Von Artemisia Gentileschi bis Rosa Bonheur haben diese Figuren die Porträtmalerei, die Historienmalerei, die Landschaft und die Moderne tiefgreifend verändert.

Avantgarden und Pioniere

Vom Surrealismus bis zu den Werkstätten des Ancien Régime

Dieses Kapitel bringt den großen Modernisten die Künstler näher, die bereits Akademien, Kurse und den Kunstmarkt eröffnet hatten.

Plurale Modernitäten

Porträt, Abstraktion und neue internationale Szenen

Von Paris bis New York, von Moskau bis Helsinki wird Malerei zu einem Raum der Autonomie, des Gedächtnisses und des Experimentierens.

Pioniere gefunden

Von barocken Werkstätten bis zu Impressionismen

Längst rückläufige Karrieren tauchen in all ihrer Vielfalt wieder auf: Stillleben, Porträtmalerei, Geschichte, Landschaft und modernes Leben.

Eine Weltgeschichte

Nordeuropa, Amerika, Asien und Avantgarde

Der letzte Teil erweitert die Landkarte auf nationale Modernismen und Künstler, deren Anerkennung Museen immer weiter verändert.

Durchsuchen Sie die Werke

Wie die 100 Künstler ausgewählt wurden

Die ersten Ränge führen Figuren zusammen, deren Anerkennung heute international ist Die folgenden Kapitel erweitern die Perspektive von Hofmalern, Stilllebenspezialisten, Impressionisten, Modernisten aus unterschiedlichen nationalen Szenen und von der neueren Forschung wiederentdeckten Künstlern.

Der Orden erhebt nicht den Anspruch, fünf Jahrhunderte in eine endgültige Liste aufzunehmen. Er bietet eine lesbare Reise, die Einfluss, Qualität der Werke, historische Bedeutung, geografische Vielfalt und die Fähigkeit vereint, die Möglichkeiten nachfolgender Generationen zu verändern.

Links & Sammlungen

Die Regel von 1956 wird auf alle Dateien angewendet

Für die 26 Künstler, die nach 1956 gestorben oder noch am Leben sind, führen beide Links zu ihrer französischen Wikipedia-Biografie Für letztere ist keine neue Sammlung entstanden.

Zweiundzwanzig fehlende Sammlungen sind für berechtigte Künstler in der zweiten Hälfte des Rankings hinzugekommen, sie werden mit einem Bild veröffentlicht und bleiben ohne Produkte, bis eine entsprechende Reproduktion vorliegt.

Wählen Sie eine Reproduktion

Beginnen Sie mit dem Look, der Farbe oder der Atmosphäre, die Sie suchen

Für ein lebendiges Porträt erkunden Sie Vigée Le Brun, Cassatt, Beaux, Schwartze oder Bili.nska-Bohdanowicz. Für eine narrative und dramatische Präsenz schauen Sie sich Gentileschi, Sirani, De Morgan oder Kahlo an. Die Landschaften von Anna Ancher, Harriet Backer, Emily Carr und Ellen Thesleff installieren ein meditativeres Licht, während Delaunay, Popova, Taeuber-Arp und Rozanova zu einem von Farbe und Rhythmus konstruierten Innenraum passen.

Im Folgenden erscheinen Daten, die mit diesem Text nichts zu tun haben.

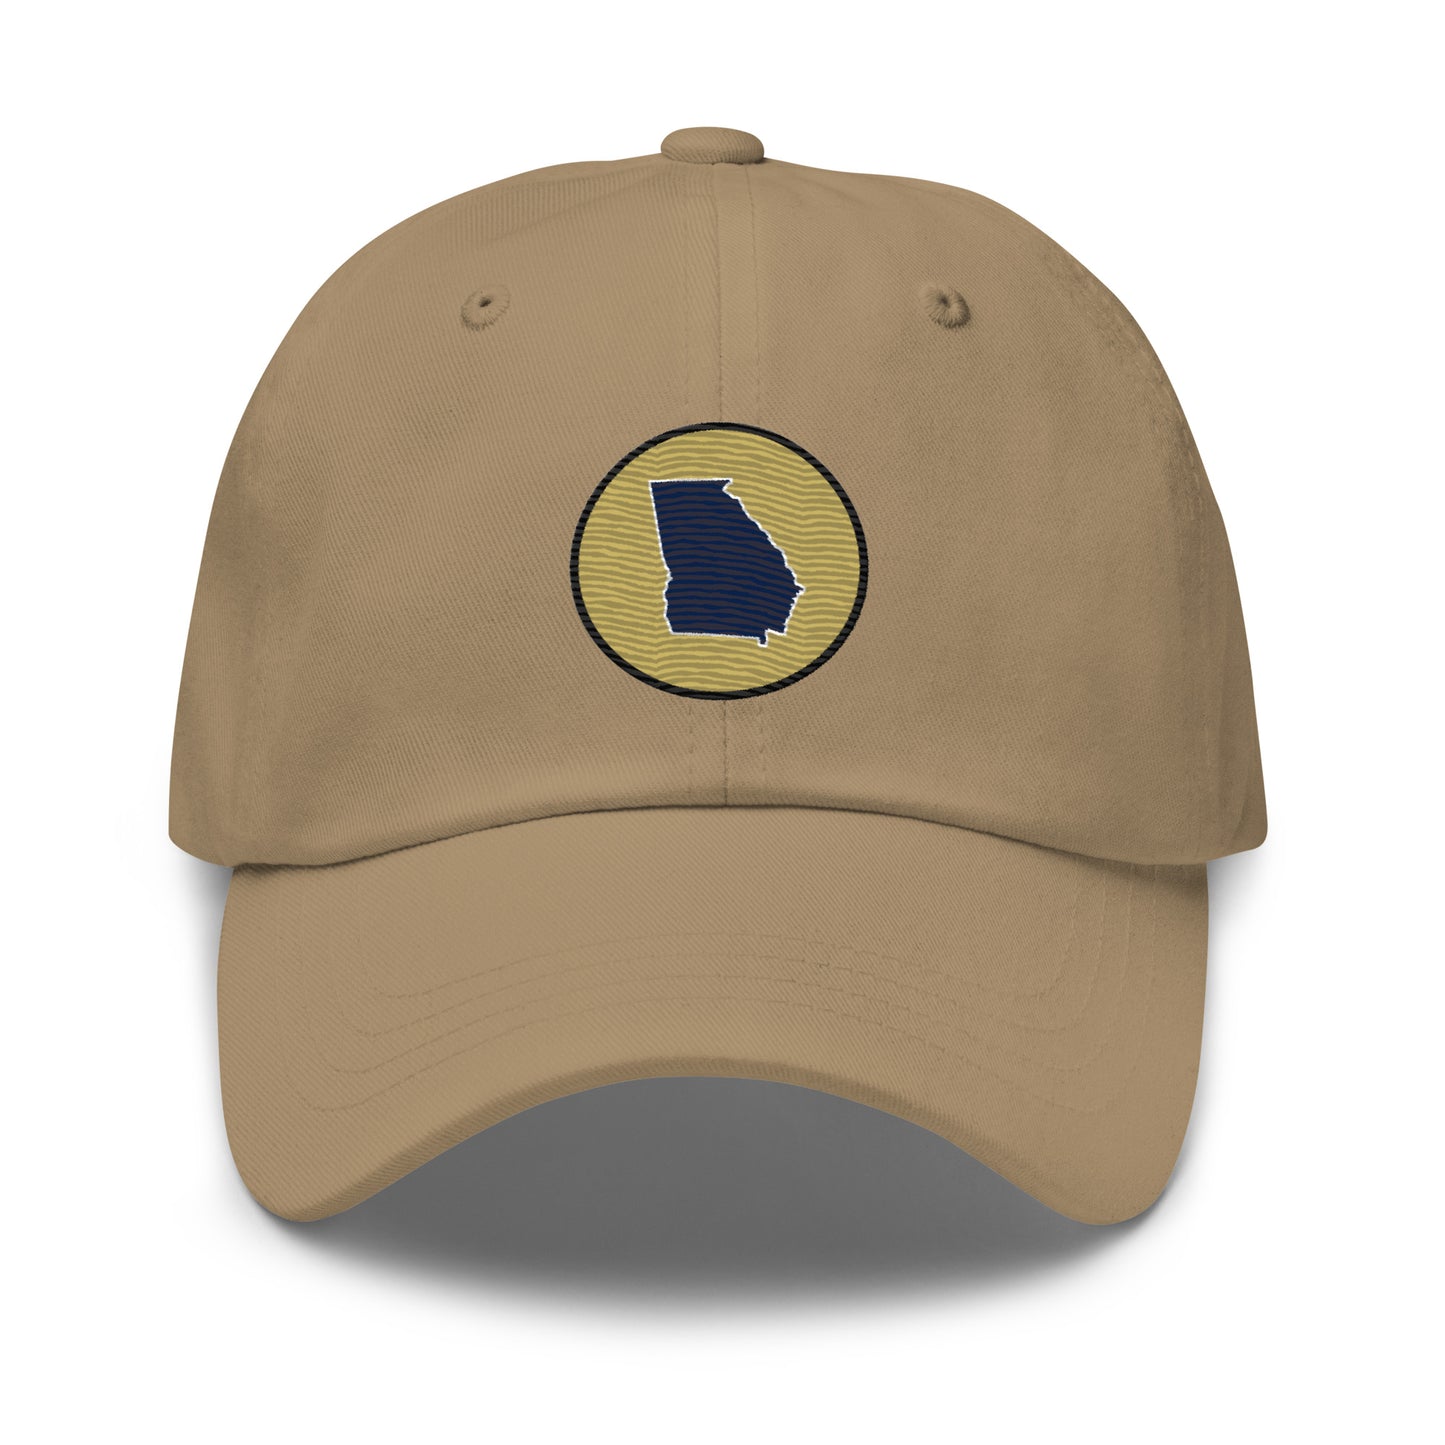 Atlanta, Georgia Hat

Setzen Sie die Entdeckung fort

Leitfäden, Sammlungen und Referenzen

Diese Maler vervollständigen die Kunstgeschichte nicht: Sie bilden sie

Der Blick auf diese hundert Werke und diese hundert Trajektorien zusammen verändert die Landkarte der Malerei, Frauen entstanden nicht erst im 20. Jahrhundert mit fortschreitendem Zugang zu Schulen: Sie waren in Renaissancehöfen, Barockwerkstätten, Salons, Künstlerkolonien, Avantgarden und den großen Debatten der Nachkriegszeit präsent.

Ihre Wiederentdeckung besteht daher nicht darin, einer unveränderten Geschichte ein paar Namen hinzuzufügen Es erfordert die Überprüfung von Hierarchien, Zugehörigkeiten und der Art und Weise, wie ein Ruf aufgebaut wird Beginnen Sie mit den zehn wesentlichen Figuren, folgen Sie dann den Perioden und Bewegungen entsprechend dem Porträt, der Farbe, der Erzählung oder der Atmosphäre, die Sie erkunden möchten.